Over the past four months, she said she has enjoyed connecting with the rest of the board, working on town business and helping plan next year’s budget.
“Things have been busy, active and vibrant.”
McCarthy is happy that her seat is being contested, she said.
“I appreciate that people in our community care enough about the future of Starksboro to bring their talent and their vision to the table.”

CARRIE AUSTGEN
Carrie Austgen and her wife built a house in Starksboro this past year.

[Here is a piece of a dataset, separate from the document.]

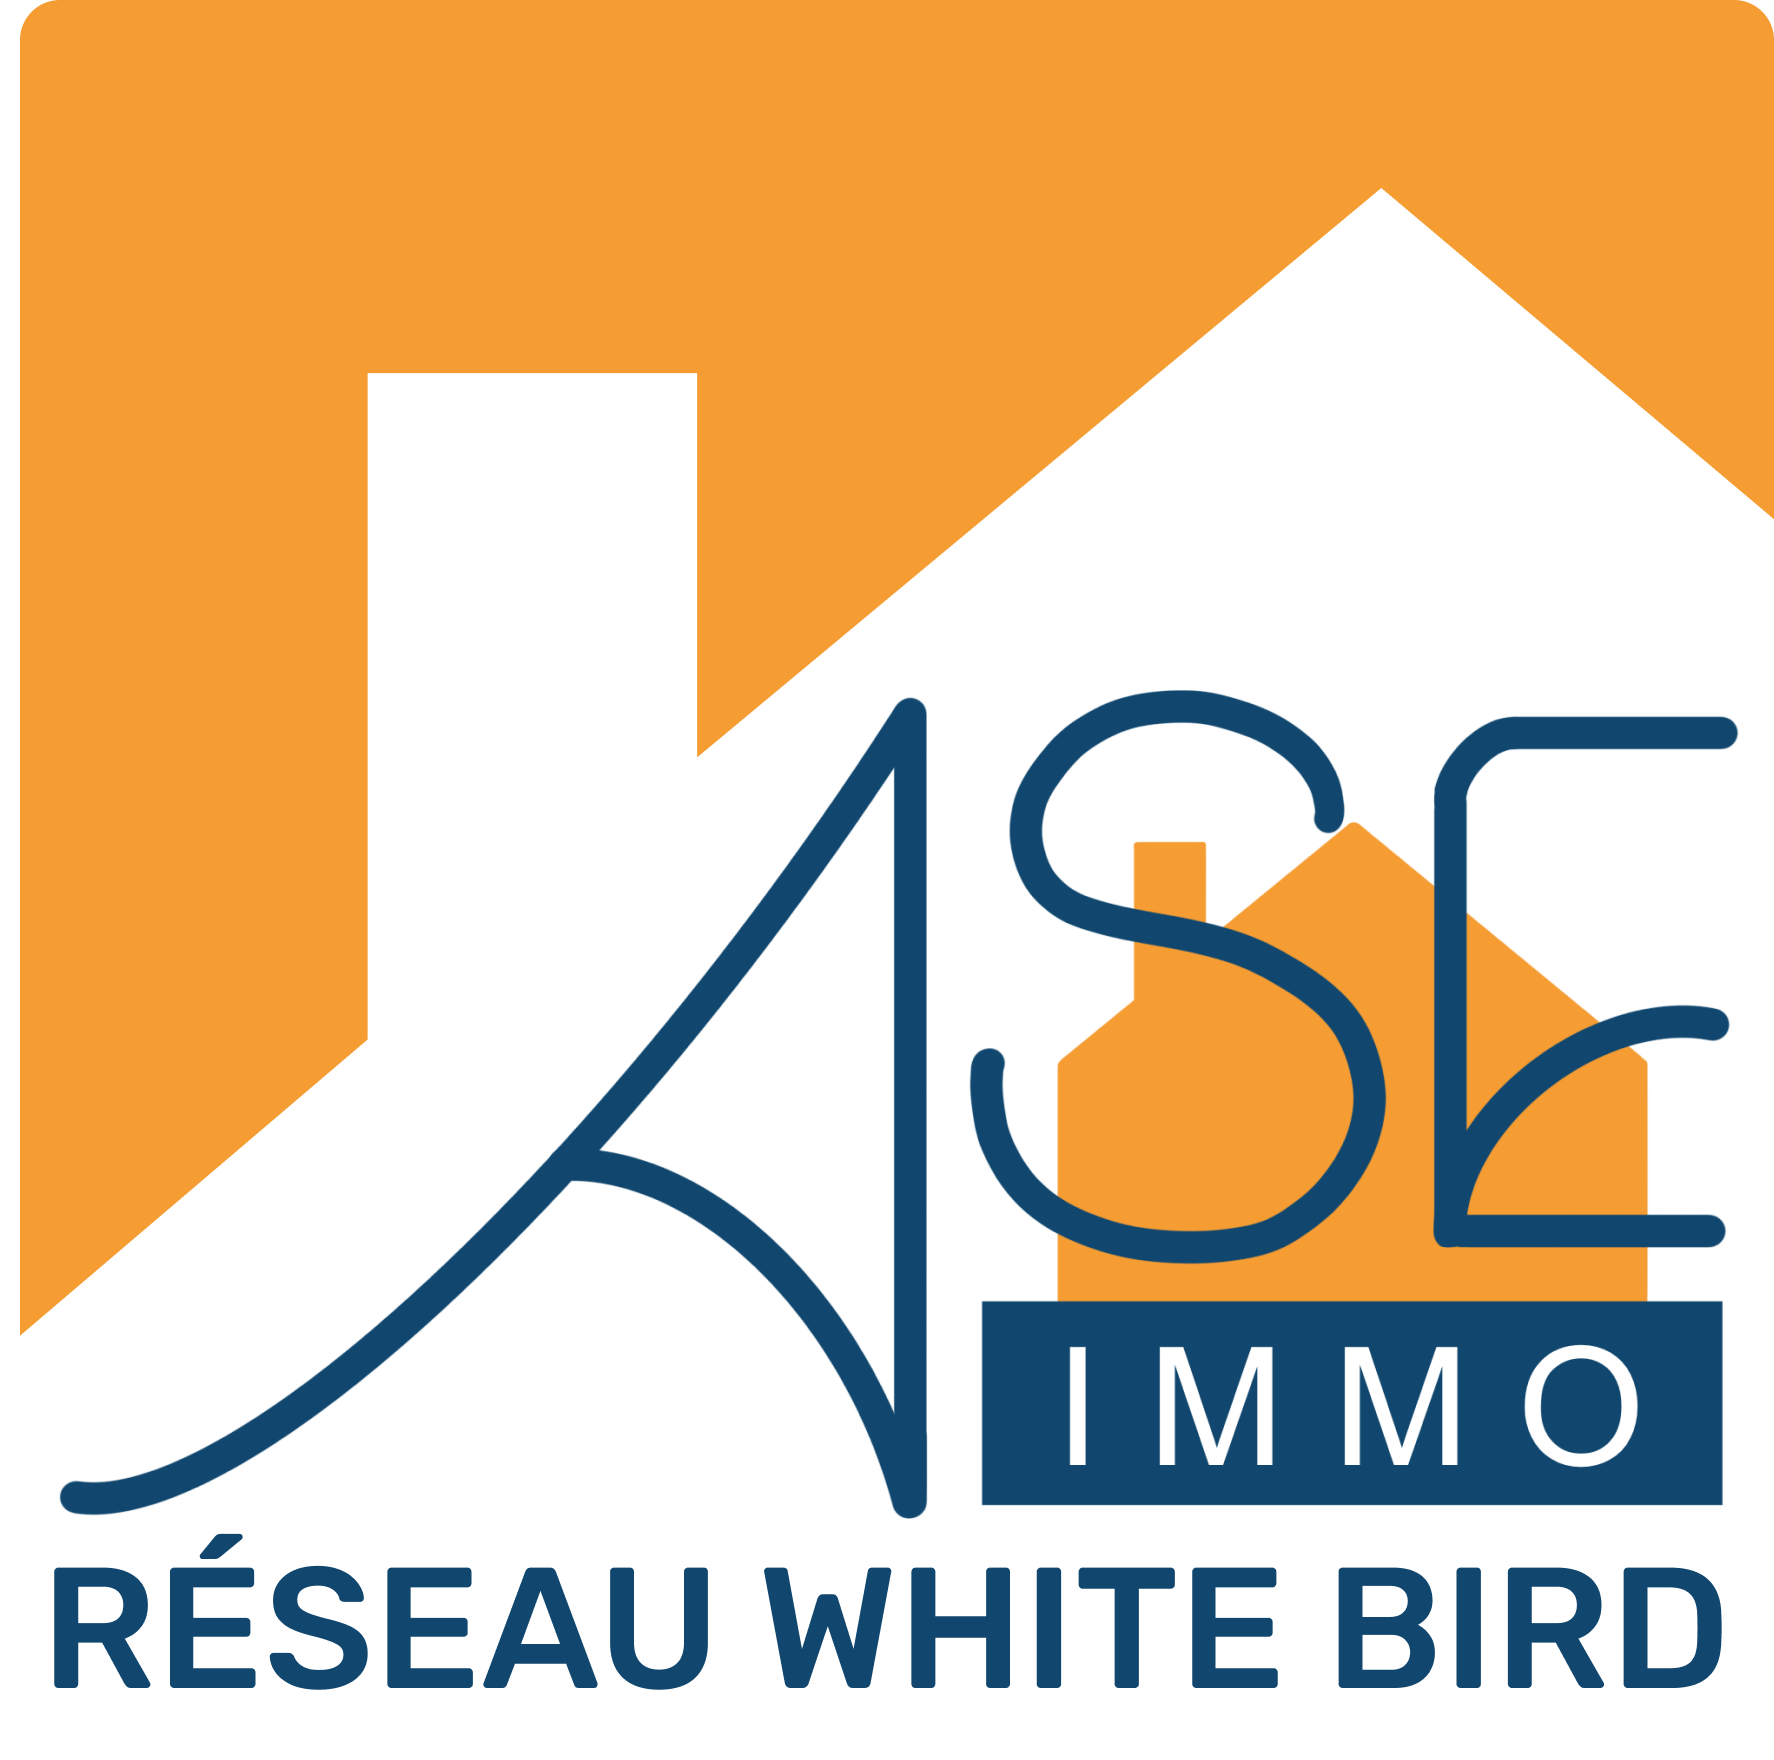 ase-immobilier-logo

They had originally planned to spend their summers in Vermont and their winters in Texas, but they fell in love with their Starksboro property and will now live there permanently.
“Starksboro is gorgeous,” Austgen told the Independent. “And it has clean air, clean water and clean food, which are the three most important things.”

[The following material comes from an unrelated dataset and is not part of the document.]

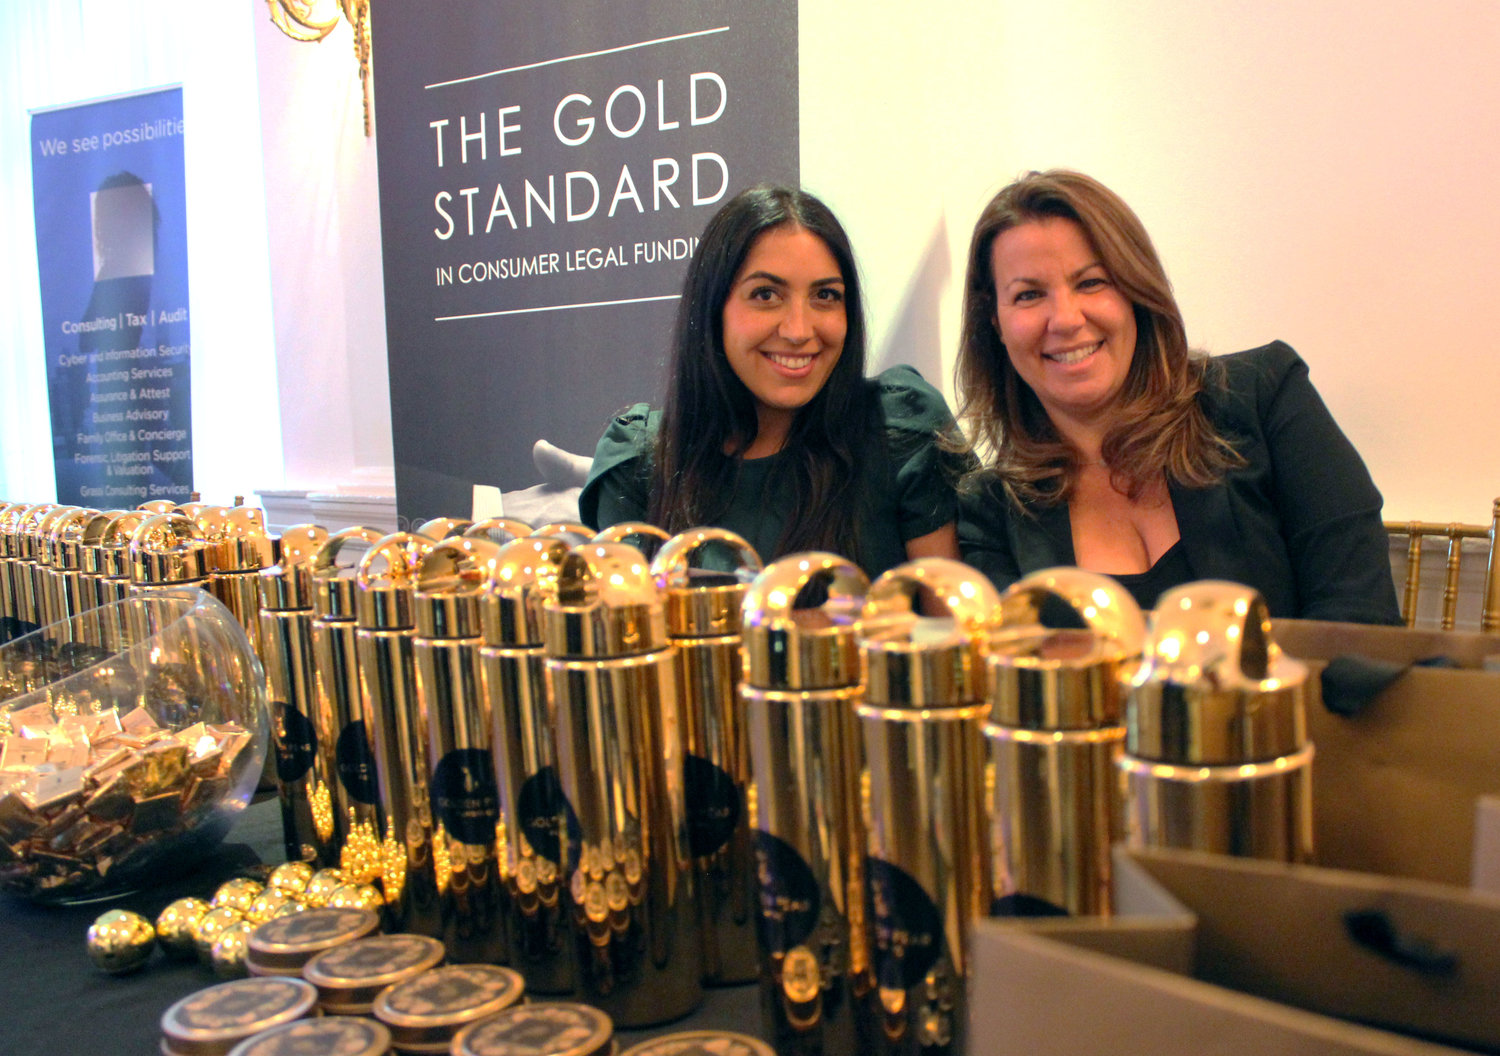 Samantha DeVictoria and Samantha Frankel, sales managers at Golden Pear Funding, greeted honorees and guests at a networking and cocktail party.

Originally from Chicago, Austgen attended Texas A&M University, where she played softball. She went on to have a 34-year career as a teacher and coach in Texas. In addition to softball, she coached basketball, volleyball and track.
When it came time to retire, Austgen thought of her parents, who themselves had retired in Wisconsin, “among the rolling hills, with clean air, clean water and clean food.” Her search for her own version of that place took her all the way from Washington state to Vermont.
The Green Mountain State won out in the end.
“There is a sacredness to how Vermont operates,” she said. “And I really appreciate the way people get out and enjoy the nature here.”
After retiring, Austgen began looking for ways to be of use to her community, so when the question “Who would like to serve?” was asked at Starksboro’s annual meeting last year, her ears perked up, she recalled.
Her wife, Alexsys Thompson, currently serves on the town’s development review board.
Austgen sees herself as a creative, out-of-the-box thinker who understands a lot about teamwork.
“Teamwork goes a long way,” she said.
And because she’s worked in school systems, she’s no stranger to tight budgets, she added.
If Austgen could wave a “magic money wand” she’d secure grant money for farmers and for the town’s infrastructure, including the Jerusalem Schoolhouse, which is in need of some “TLC.”
Chief among the challenges facing Starksboro in the coming years is how to manage growth and change while preserving the things that are sacred to those Vermonters who were born and raised here, Austgen said.
“How do we generate revenue without taxing people to death? How do we preserve our local school? I think we need to find some balance and harmony in terms of our vision for the town of Starksboro.”